The recent and ongoing upsurge in the development and use of multimedia is a striking example of culture-dependent, software based communication. The need for the localization of such software is obvious; the need for the internationalization and localization of means of communication for professional purposes has long been established and becomes more urgent by the day. Europe has been aware of these needs and problems, which is reflected in many European initiatives.

2. European Union (EU) initiatives

As of January 1, 1995 the European Union acquired three new members, bringing in two new Union languages plus Sami languages. Right now, discussions on the inclusion of the former Eastern Block European countries are progressing, and even if it will likely take five to seven years before the first extension of the Union is made in that direction, business contacts and administrative cooperation are growing rapidly.

Because of the need for a flow of administrative information among EU member states and between the member states and the Commission, some time ago, the Commission began to initiate projects which could provide the requisite conditions. One of the most ambitious projects, the European Nervous System (ENS), also known as "Support for the Establishment of Trans-European Networks between Administrations" triggered additional acts in language support due to difficulties encountered in the field. Similar acts followed projects driven by private markets, but with substantial support from the EU, e.g. TEDIS (Trade EDI Systems) [2].

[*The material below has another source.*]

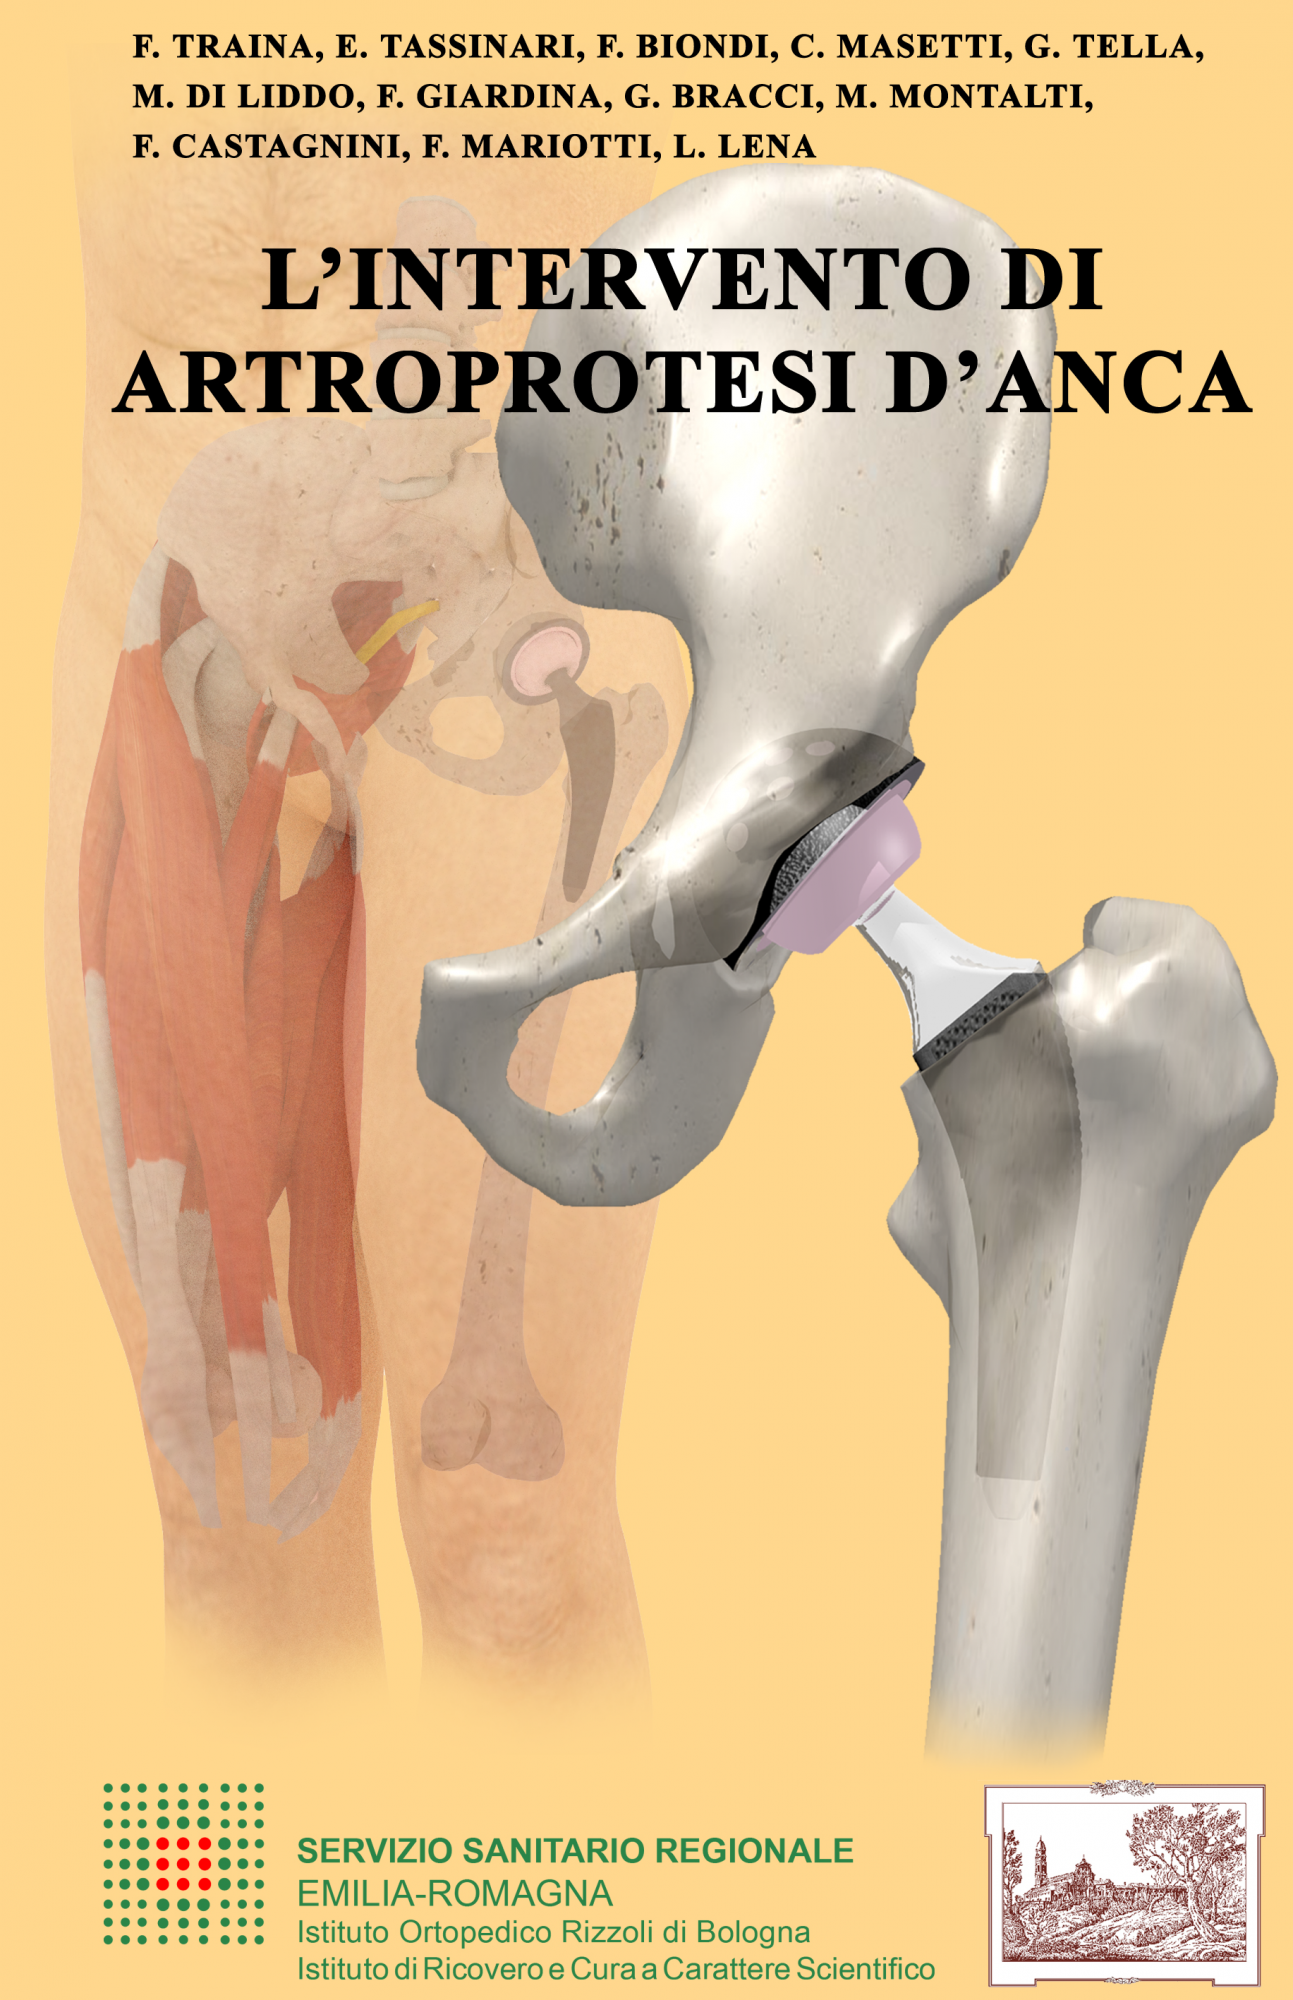 Artroprotesi d'anca

The preservation and promotion of cultural and linguistic diversity is one of the guiding principles on which EU policy for the information society rests [3]. The Commission is preparing additional acts to address the European linguistic issues and the means to stimulate the emerging language-based industry. These activities address the stimulation, coordination, and regulatory initiatives to be undertaken in cooperation with the member states for the creation of a linguistic infrastructure of resources and services that improve language support in data communication networks. The proposed measures increase the use and efficiency of information and communication systems while contributing to the enrichment of the Europe's linguistic diversity. The result is that the European Union is making large efforts to create an extensive, multi-purpose data communications network encompassing all member states and reaching toward prospective members. Clearly, these efforts are also oriented toward the provision of facilities for the handling of alphabetical and cultural differences of the European nations [4].

3. The program

The Commission is funding a Linguistic Research and Engineering program--an effort to involve industry in linguistic engineering and to provide European users with the infrastructure that will enable some 360 million EU citizens to handle text information in a variety of languages. Some of funded projects are: Multilingual Application Interface for Telematic Services; Multilingual Authoring of Business Letters; Multilingual Access to Yellow Pages; and Open Translation Environment for Localization, among others [5].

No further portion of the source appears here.